That's it. One file containing your render passes, compute shaders, buffers, textures, bind groups, etc. Hand it to a viewer on any platform with WebGPU support, and it can be played.
The file can be a PNG. The PNG format allows custom binary chunks after the image data, working roughly like a .zip that holds things in it but in this case it shows a picture by default (the png image).
Embed your WebGPU bundle in the PNG, and suddenly images can move if you have a viewer that can look for the WebGPU bundle in them. It feels a bit like magic.
But PNGine also works with plain .zip files if you prefer. The PNG thing is just the flashy option.
What This Is Not
Not an animation format. For that, use Rive or Lottie.
Not a new vector format. For that, use SVG or something like that.
Not a design tool. For that, use Figma or Sketch.
Not a rendering engine. You write the shaders. PNGine just packages and runs them. Maybe it should have been called DIYengine.

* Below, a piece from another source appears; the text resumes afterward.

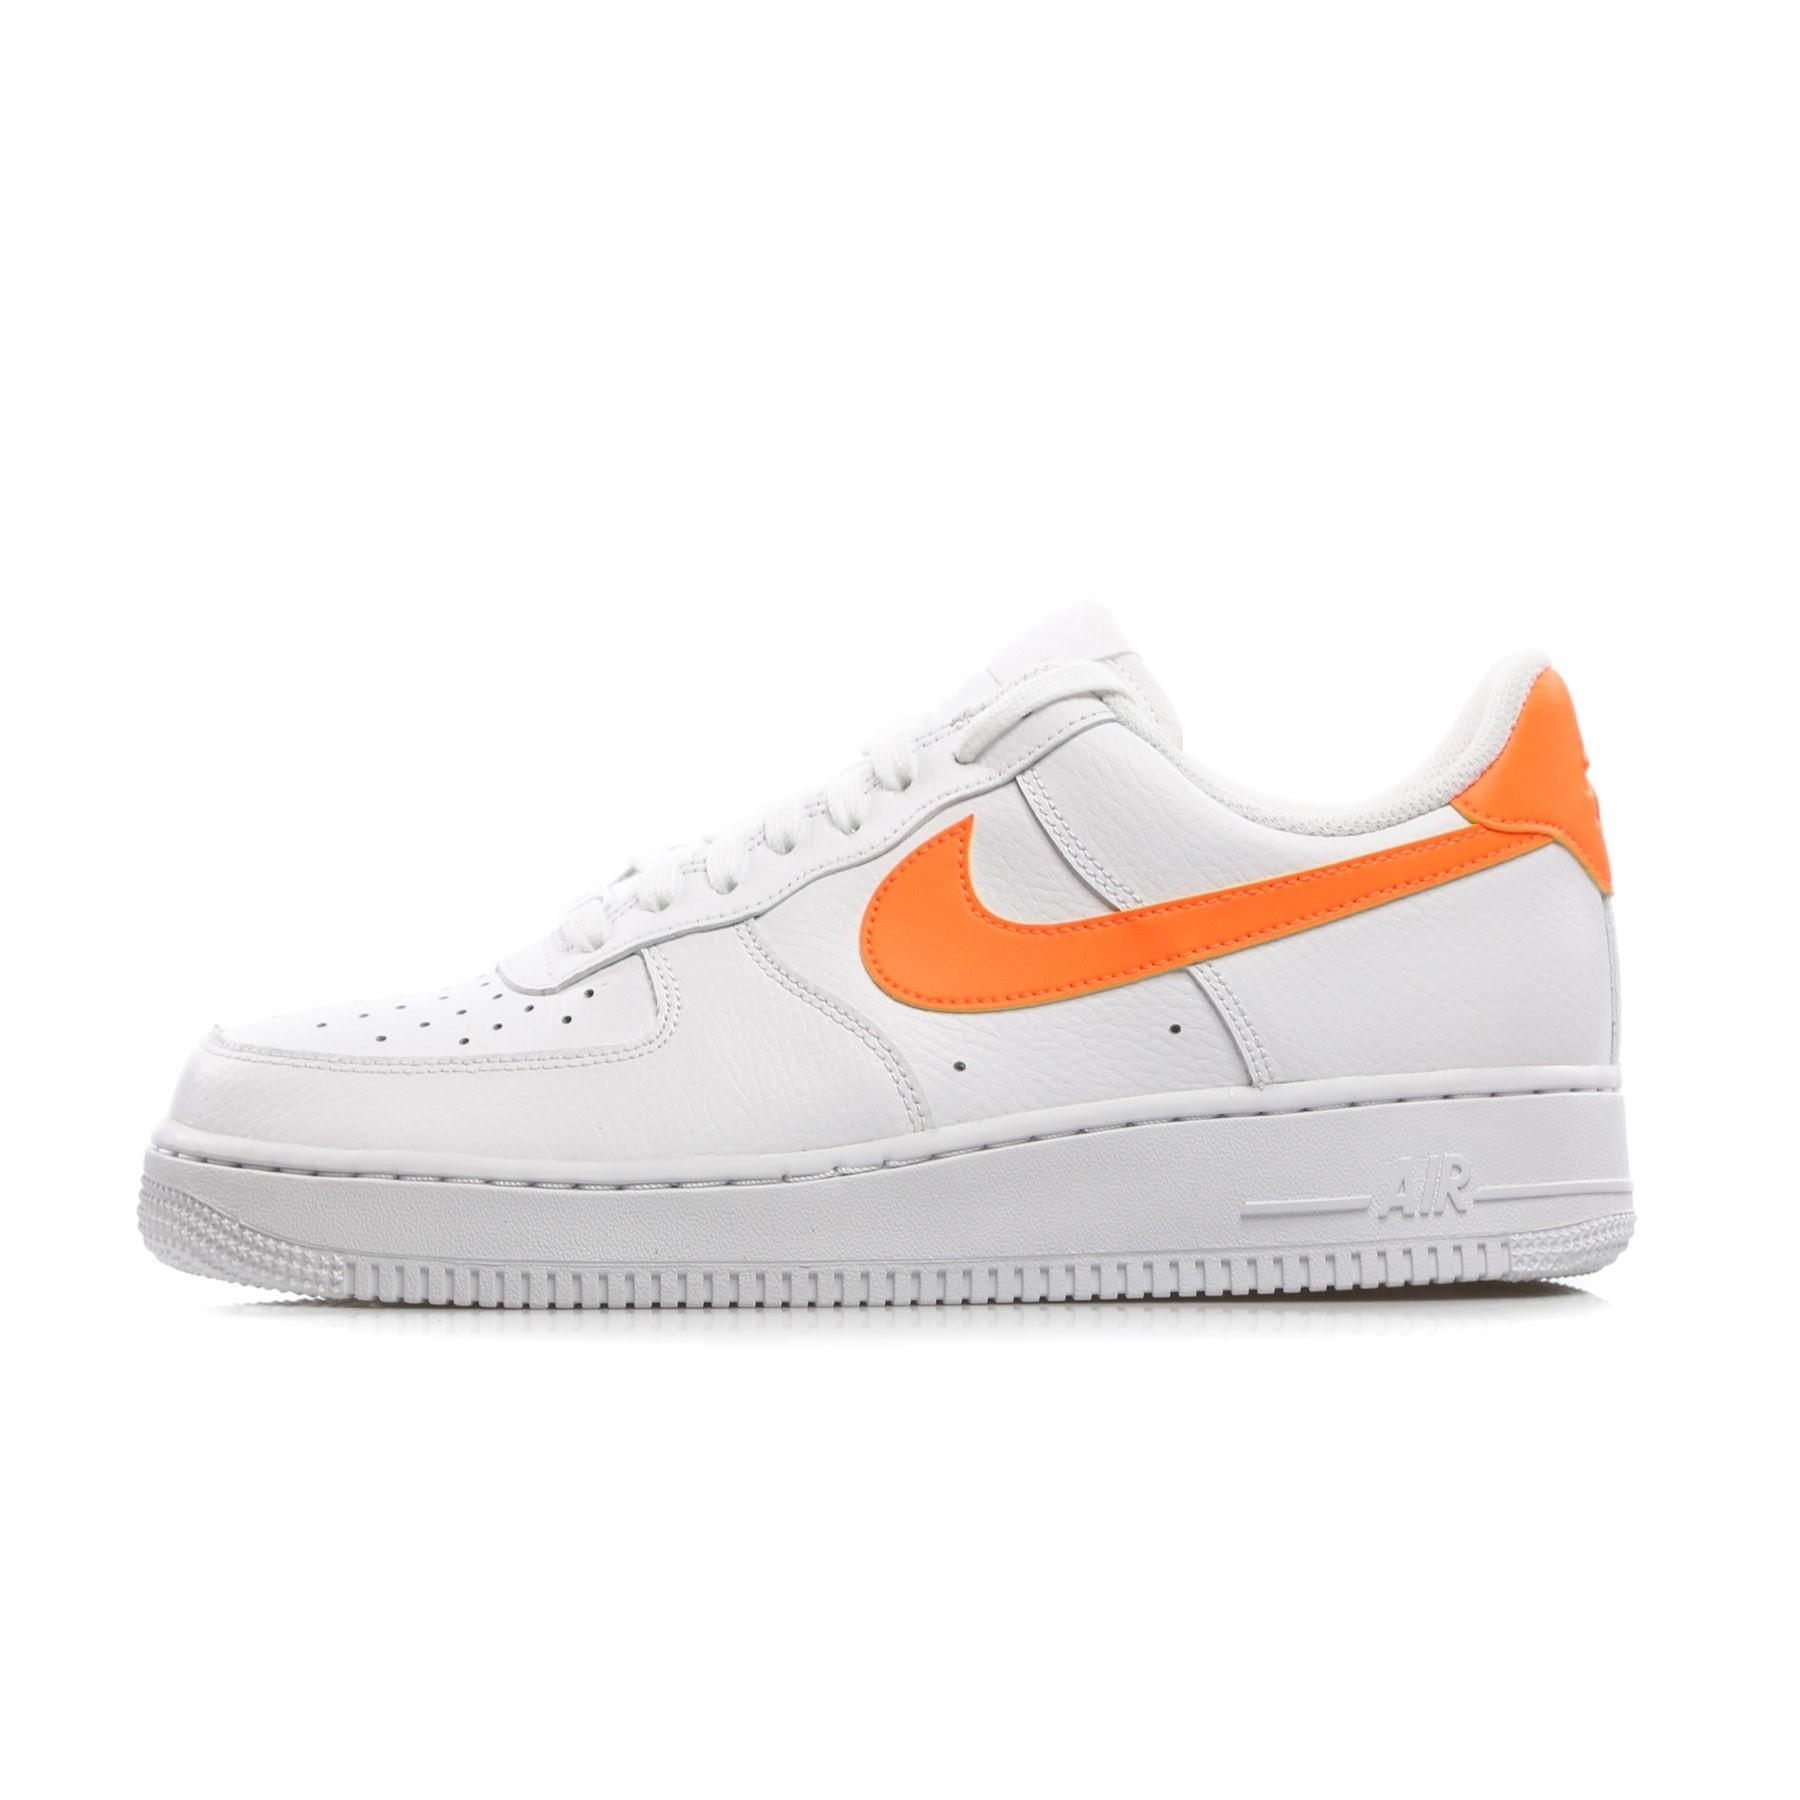 nike air force 1 '07 patent orange

Not a way to make any PNG move. The image is just a container. Most of my files are actually .zip.
How Small?
Self-contained PNGs with embedded WebGPU information and executor:
A triangle: ~13 KB (500 bytes bytecode + tailored executor).
A rotating 3D cube with depth buffer: ~14 KB.
A full boids flocking simulation with compute shaders: ~20 KB.
Embedding the WebGPU information and its executor in the .png guarantees that they are self contained. No need to be fighting mismatching players/viewers versions bugs that can only play certain payloads in certain ways.
A PNG holds everything that it needs to be played as it was intended when it got bundled by the creator of the visuals being shown. Everything except the tiny extractor you need to have to read these extra chunks.
How?
From a design perspective, the WebGPU instructions got moved into a full declarative space. Things are described in a Domain Specific Language that follows the spec but declares the whole WebGPU non-iteratively, abstract enough so that it can be decomposed into a payload that can be run in the browser or in your favorite native WebGPU implementation ( dawn, wgpu, any compatible web browser, etc...).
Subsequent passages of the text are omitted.